Having built a few small projects with AngularJS, I’ve found the framework a pleasure to work with. Once past the initial learning curve, features started flying together. Most of my trouble-shooting time was spent getting backend data delivered correctly, Angular just worked. Based on this positive experience, I’ve been moving towards adopting Angular as the standard frontend of my web toolkit.
Choosing Angular wasn’t without doubts. Introducing this many new conventions, syntaxes and practices doesn’t come without a cost. The problem with re-invention is longevity: Either these new ideas succeed and become the norm, or they’re left for dead on the side of the road as technology marches on.

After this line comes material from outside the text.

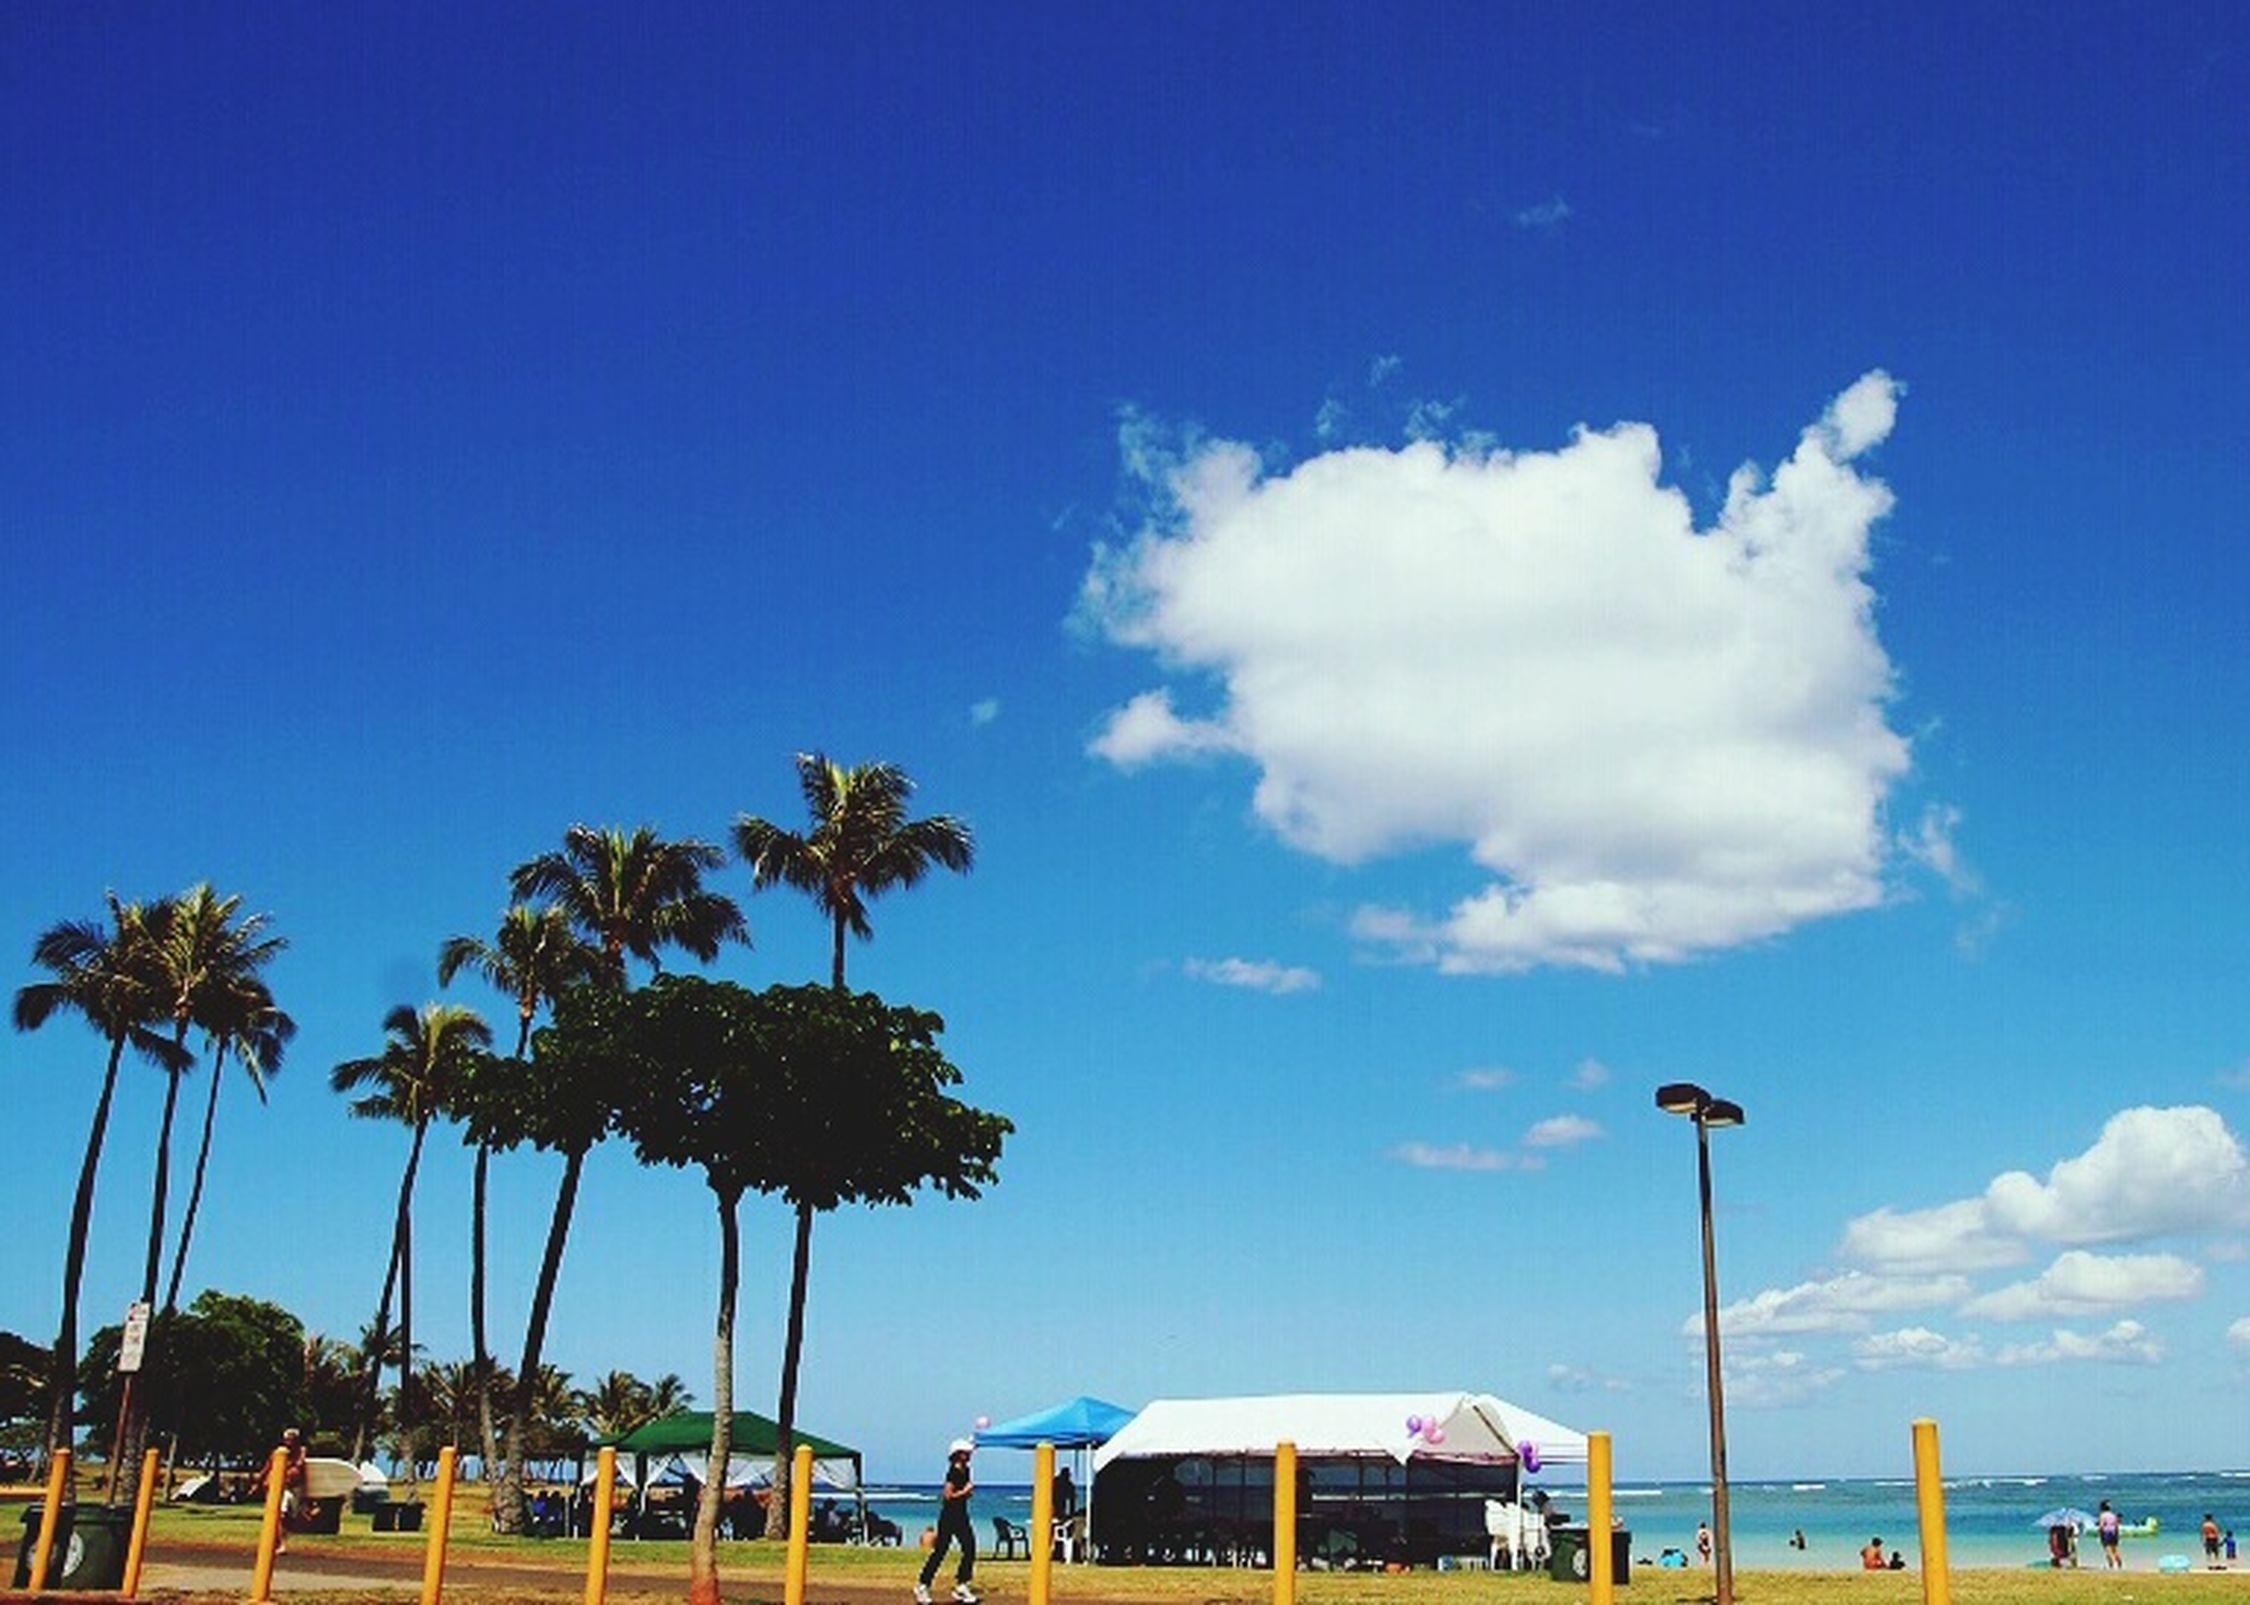 The days on the beach. 夏威夷 Hawaii Beach Summer

Parts of the 2.0 roadmap sound great. But it also sounds as if this future Angular will be very different from the Angular we know now.
How big is this rewrite?
Huge revisions rarely end well. From-scratch rewrites have famously been called the “single worst strategic mistake that any software company can make.” The goals always sound noble and the plans make sense, but by definition, engineering resources will be split between maintaining the original version and developing its successor. Either the original suffers or the rewrite falls behind or both.

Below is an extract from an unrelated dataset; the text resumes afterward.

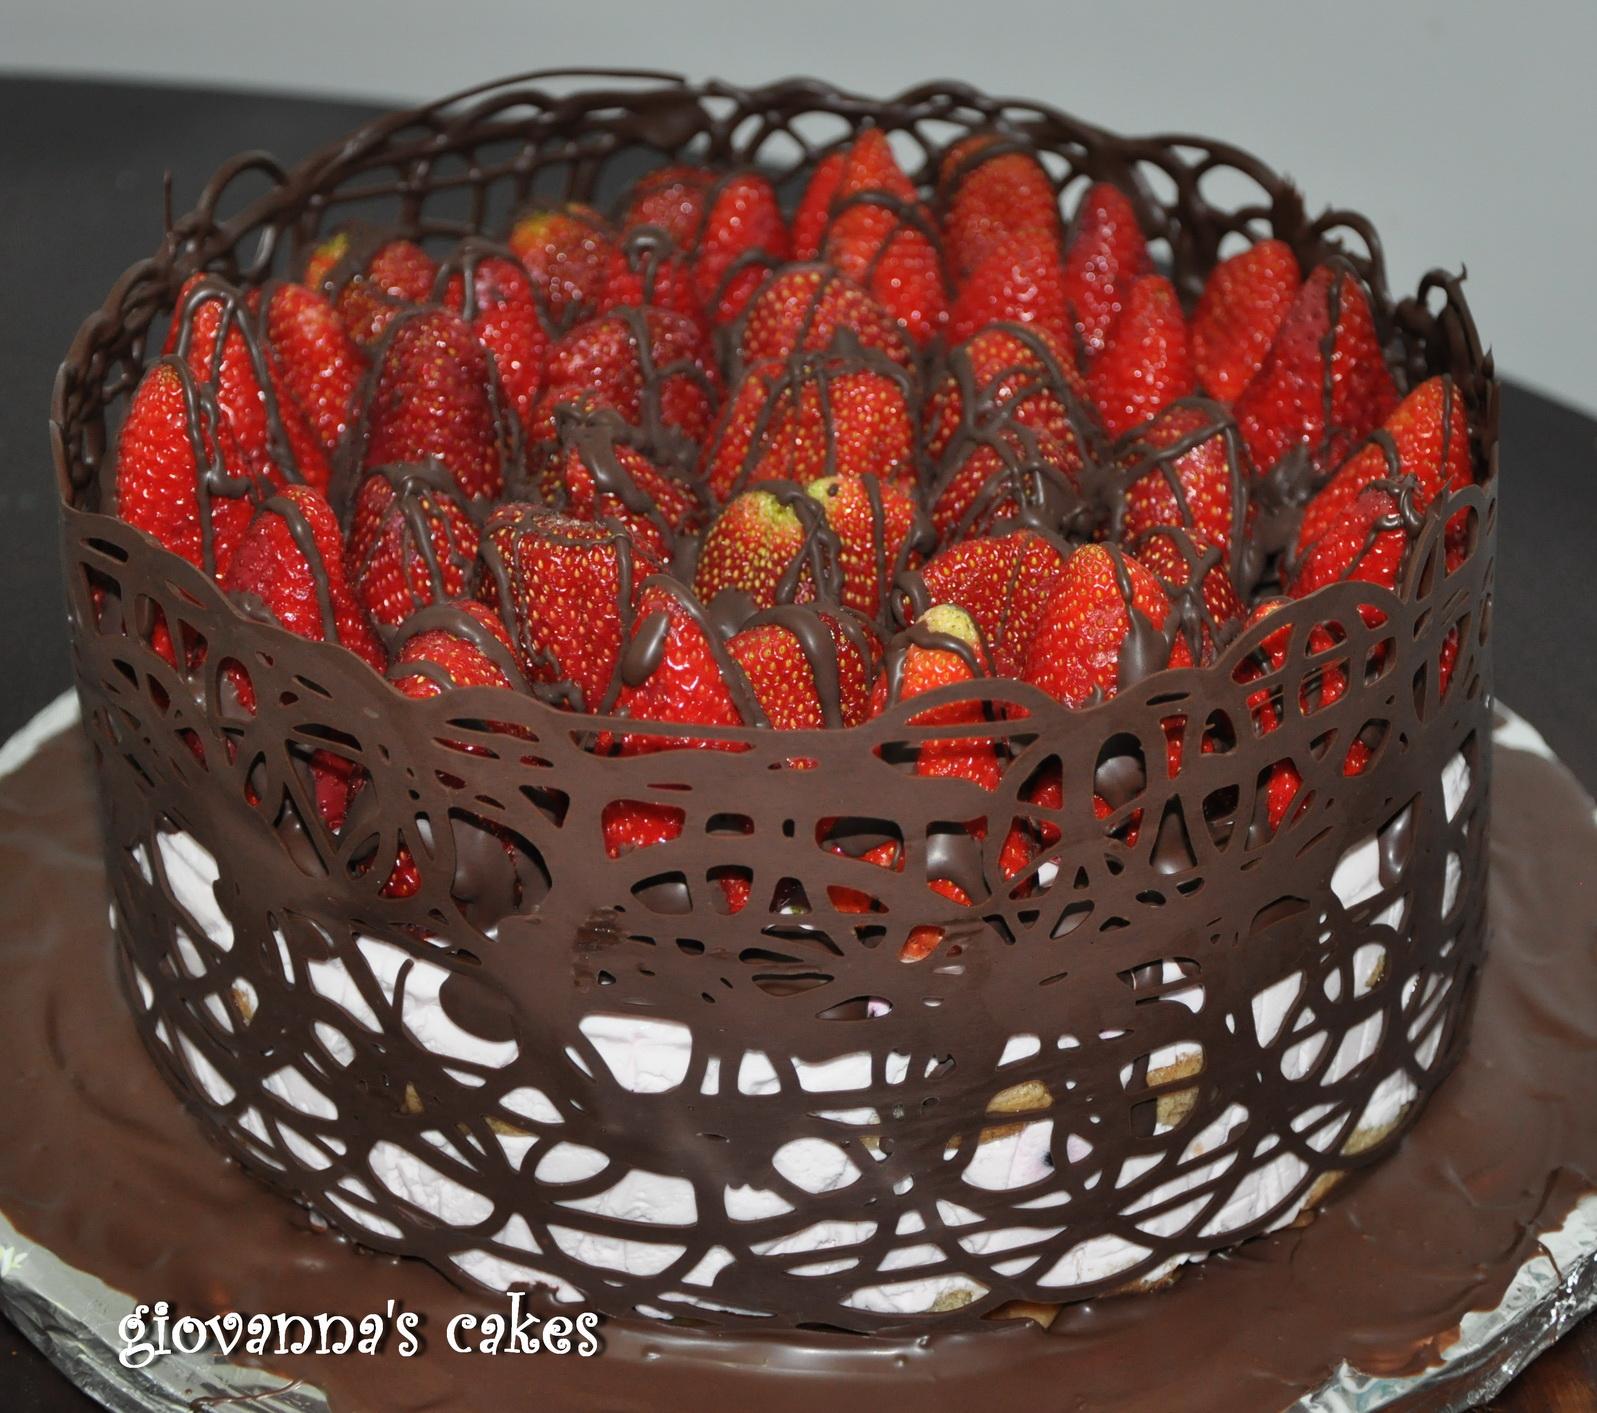 Giovannas Cakes Chocolate Decorated

Does a revision of this scale imply that the current codebase is impossible to maintain? I’ve looked through some of Angular’s source code, there’s some near-magic craziness in there. Is it too crazy?
If the Angular team doubts their own code and will presumably move towards conventions used in competing frameworks, wouldn’t it be smarter for users to jump ship now for those other tools? Competing codebases automatically become more mature if Angular basically starts over.

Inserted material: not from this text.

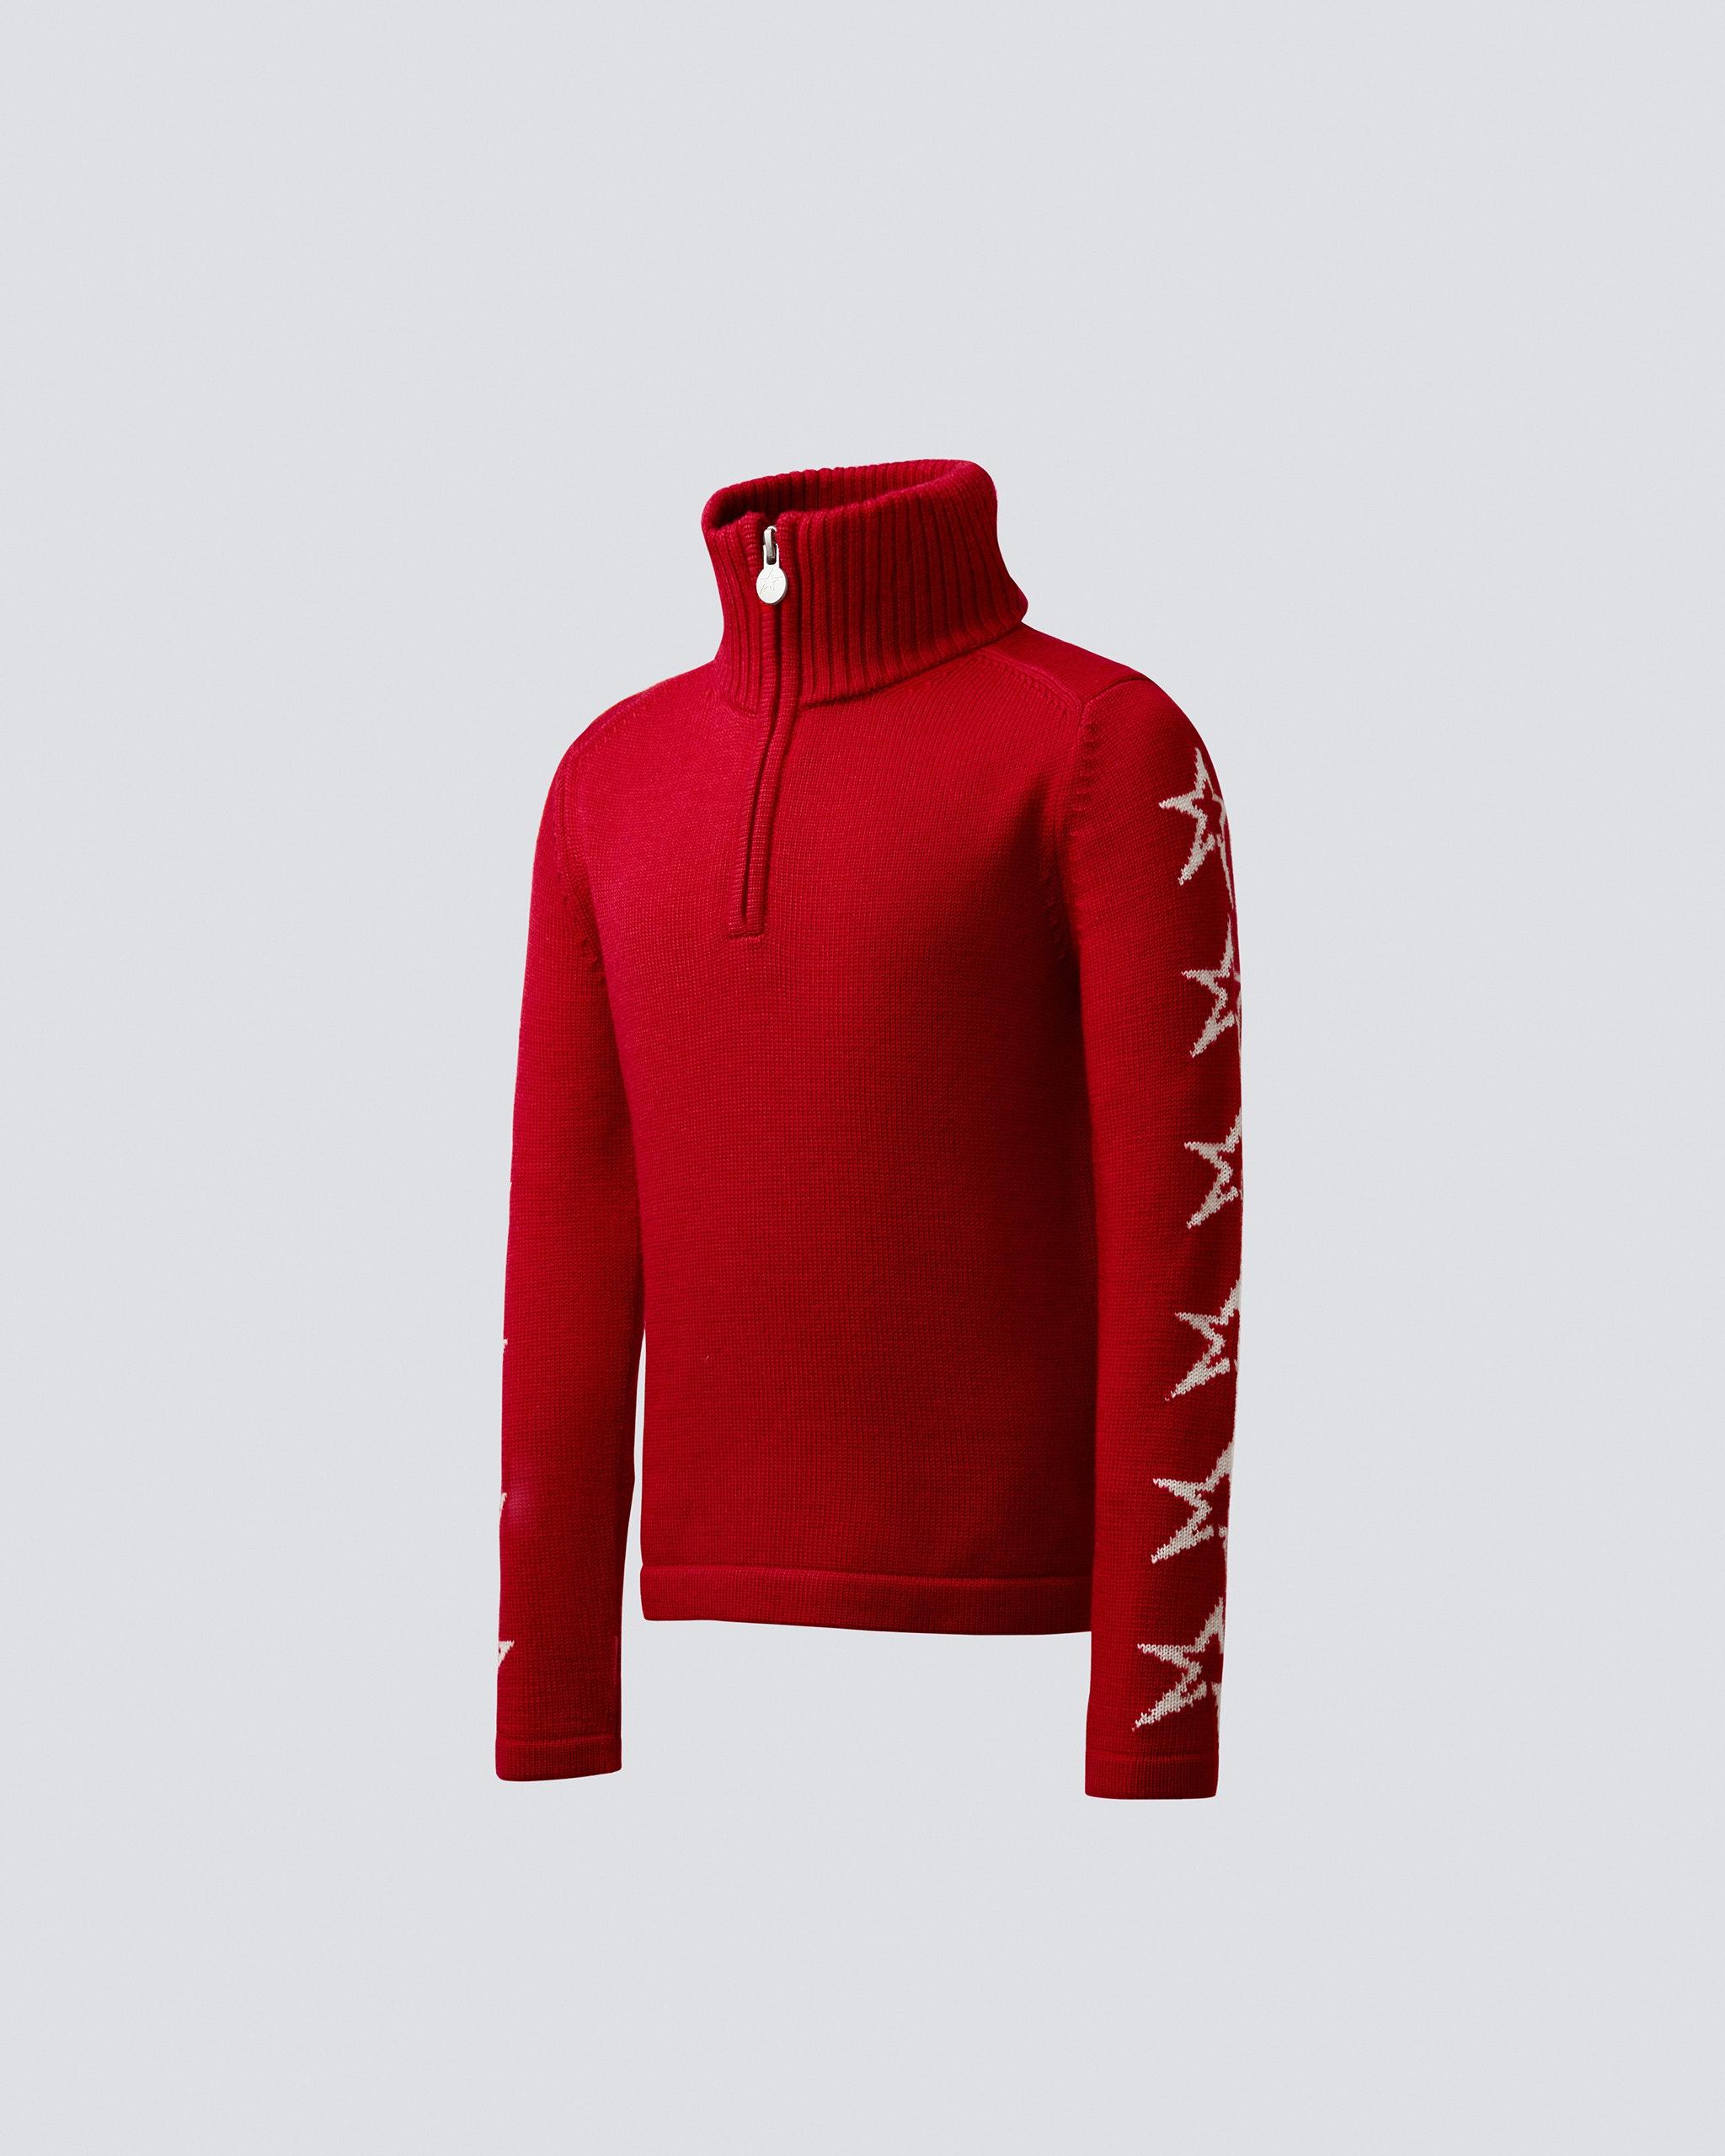 Star Half Zip Merino Wool Sweater

Questions about backwards compatibility
Angular blindsided many enterprise users in December 2013 when they announced they were dropping support for IE8. Even without API changes, jQuery’s usage statistics show their ie8-incompatible 2.0 branch is seeing dismal adoption rates. Python 3’s breaking changes have been a disaster for their mindshare. PHP’s dogged insistence on keeping nasty old code working is likely a factor in that language’s recent renaissance. Existing Angular code should probably be considered end-of-life.
Angular’s documentation has been a problem area for years. There’s no reason to believe documentation won’t lag behind again if the core functionality of Angular is significantly changed.
Outside resources and tutorials are a different problem. Most won’t be re-written, and search results will end up polluted with out-of-date information.
Google’s track record
When it comes to supporting technology, Google is phenomenally undependable. They’ve acquired and demolished a ton of popular web products (Reader, FeedBurner, Blogger, Picnik, Buzz, Wave, “Don’t be evil”, etc.). The only thing they’ve stuck with is the horrid Google+ monstrosity. Google’s support for the Angular project was initially an argument in favor of adoption, but really, the Google name is neutral at best and almost a negative. At least the Angular source code is open source and out in the wild.
And then there’s AngularDart. Google’s Dart meta-language seems kind of stupid to me, but for the most part, so does CoffeeScript (though my resolve is weakening). At very least Dart feels like one of those throwaway side-projects that a rogue team of Google super-geniuses put together–I don’t expect it will have a long life. Dart aside, the bigger question is the resource-cost of supporting a large, complex framework across several languages/dialects. This lack of focus doesn’t build confidence.